• SOURCE DATA:
......
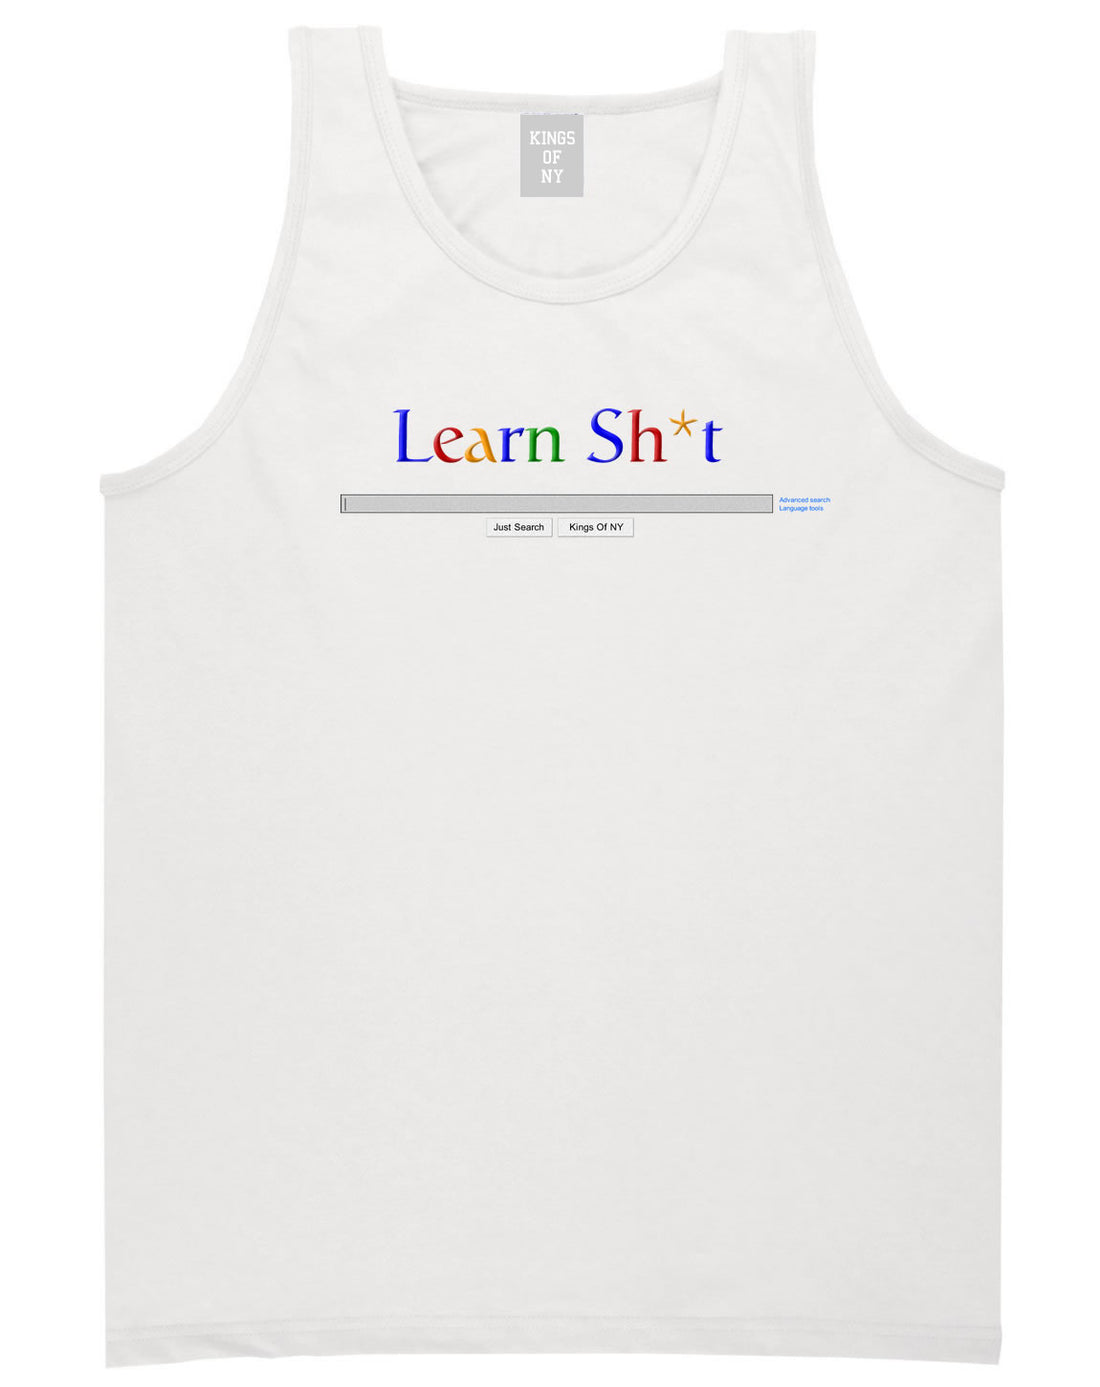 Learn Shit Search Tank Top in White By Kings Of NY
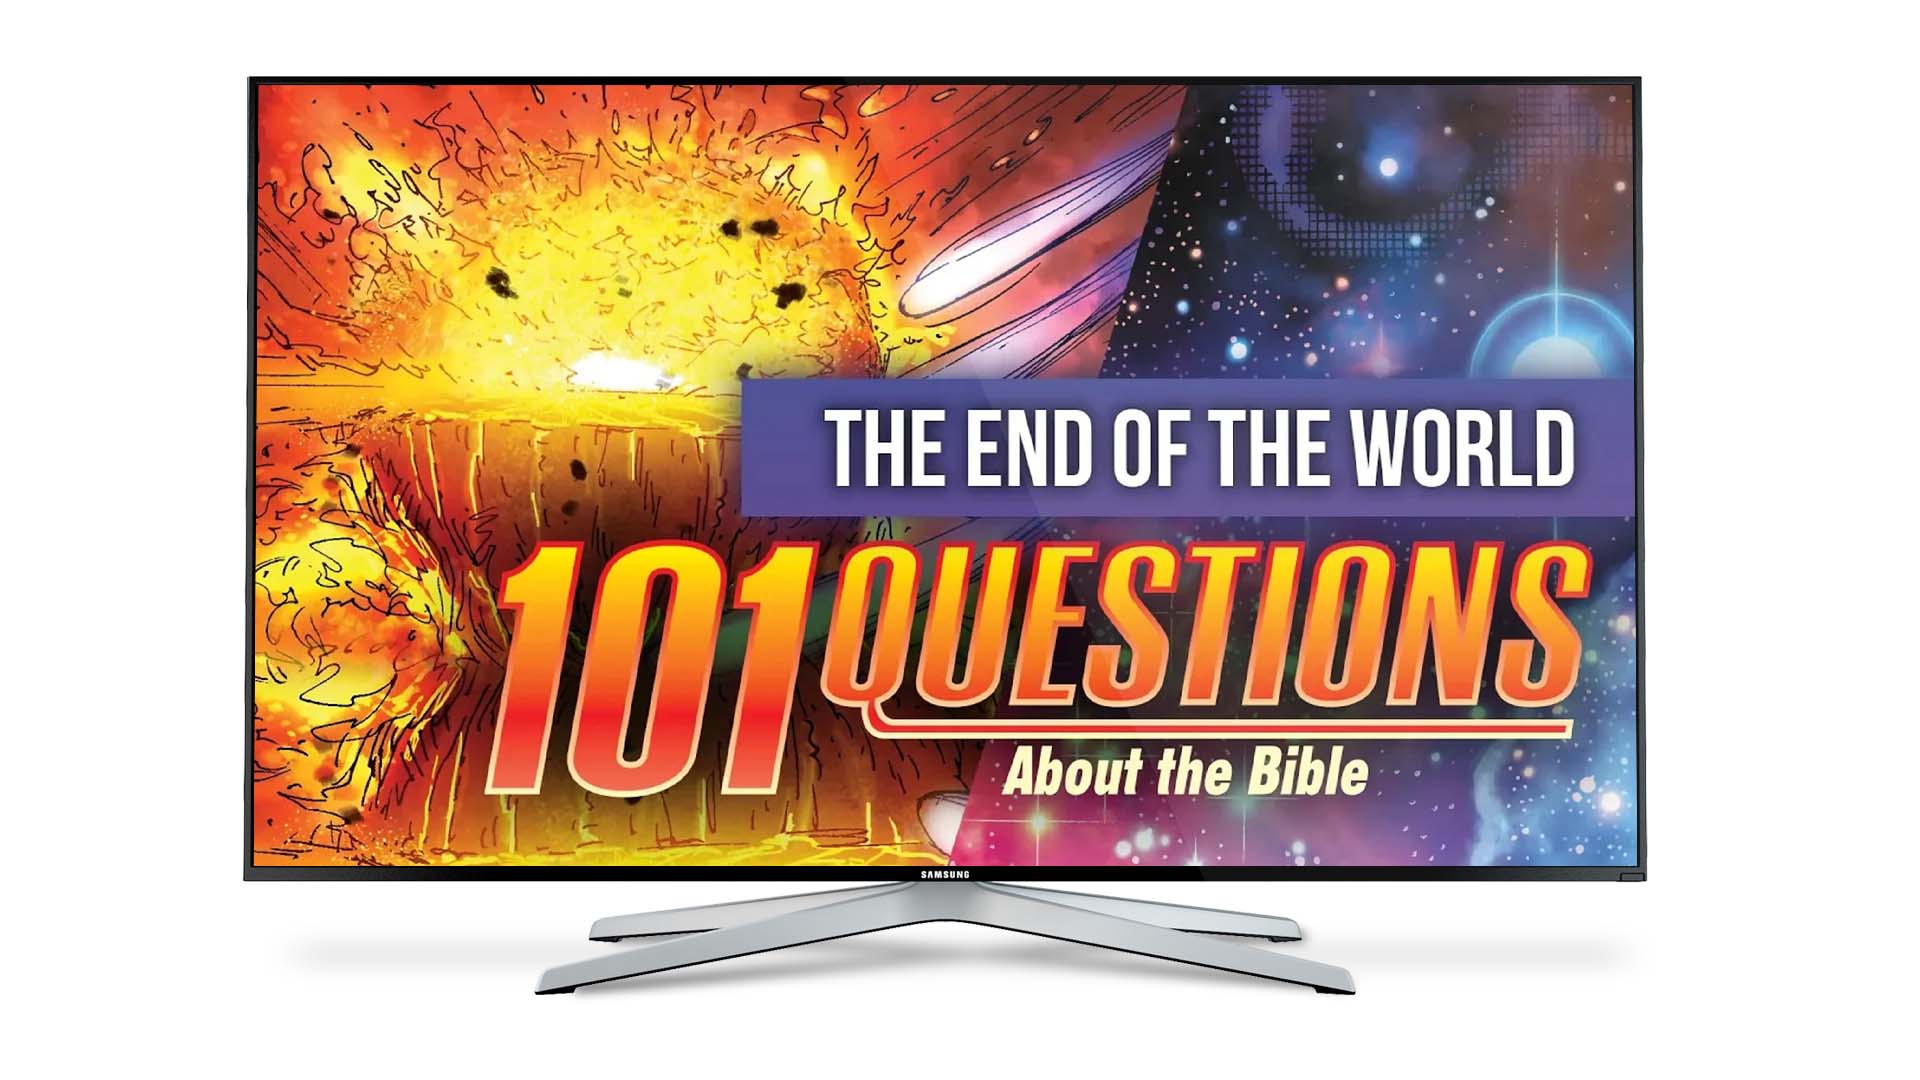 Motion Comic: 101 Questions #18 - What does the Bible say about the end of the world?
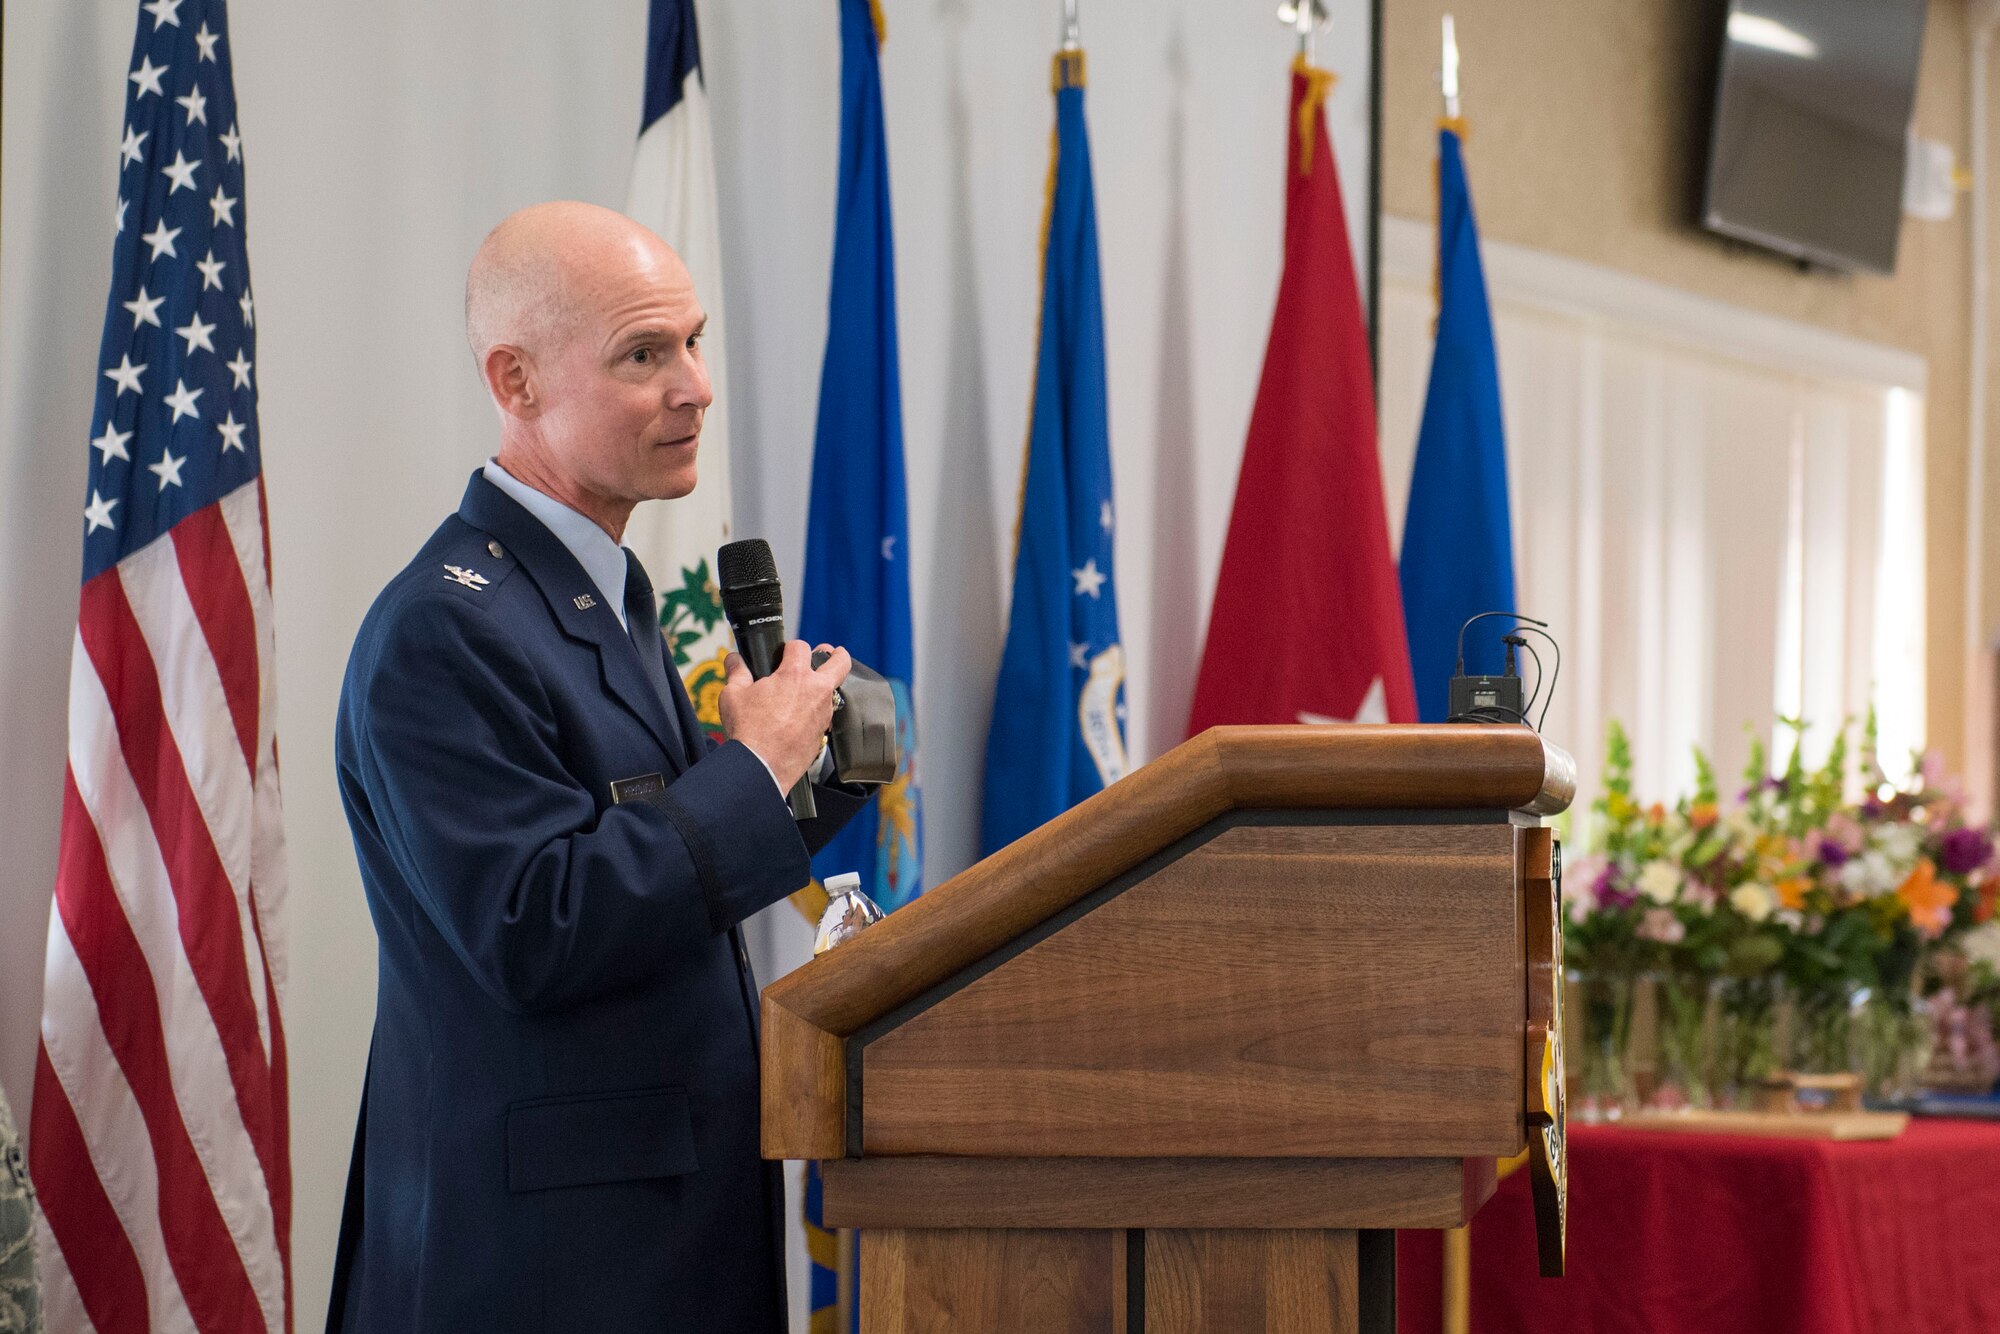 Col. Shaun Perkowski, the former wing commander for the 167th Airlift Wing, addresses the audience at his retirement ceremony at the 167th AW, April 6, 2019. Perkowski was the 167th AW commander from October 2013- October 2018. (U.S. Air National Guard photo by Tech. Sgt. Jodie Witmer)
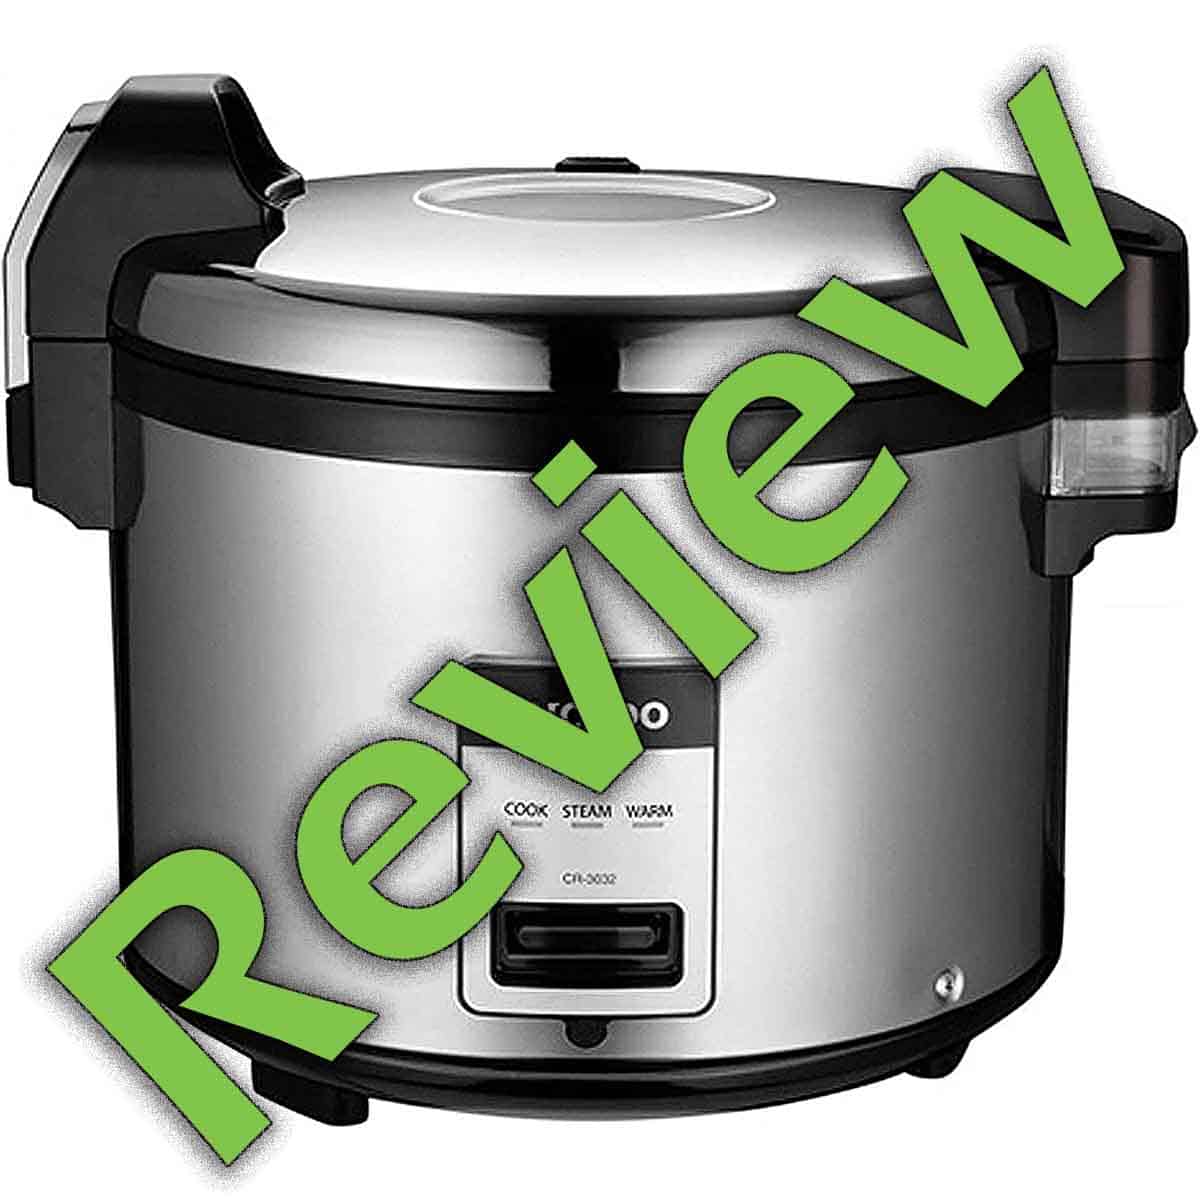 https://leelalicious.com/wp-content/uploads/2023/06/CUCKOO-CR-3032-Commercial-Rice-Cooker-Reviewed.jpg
......
• YOUR GOAL: Write out the full listing verbatim, excluding its pictures.

• SOLUTION TO THIS EXERCISE:
 Learn Shit Search Tank Top in White By Kings Of NY
 Motion Comic: 101 Questions #18 - What does the Bible say about the end of the world?
 Col. Shaun Perkowski, the former wing commander for the 167th Airlift Wing, addresses the audience at his retirement ceremony at the 167th AW, April 6, 2019. Perkowski was the 167th AW commander from October 2013- October 2018. (U.S. Air National Guard photo by Tech. Sgt. Jodie Witmer)
 https://leelalicious.com/wp-content/uploads/2023/06/CUCKOO-CR-3032-Commercial-Rice-Cooker-Reviewed.jpg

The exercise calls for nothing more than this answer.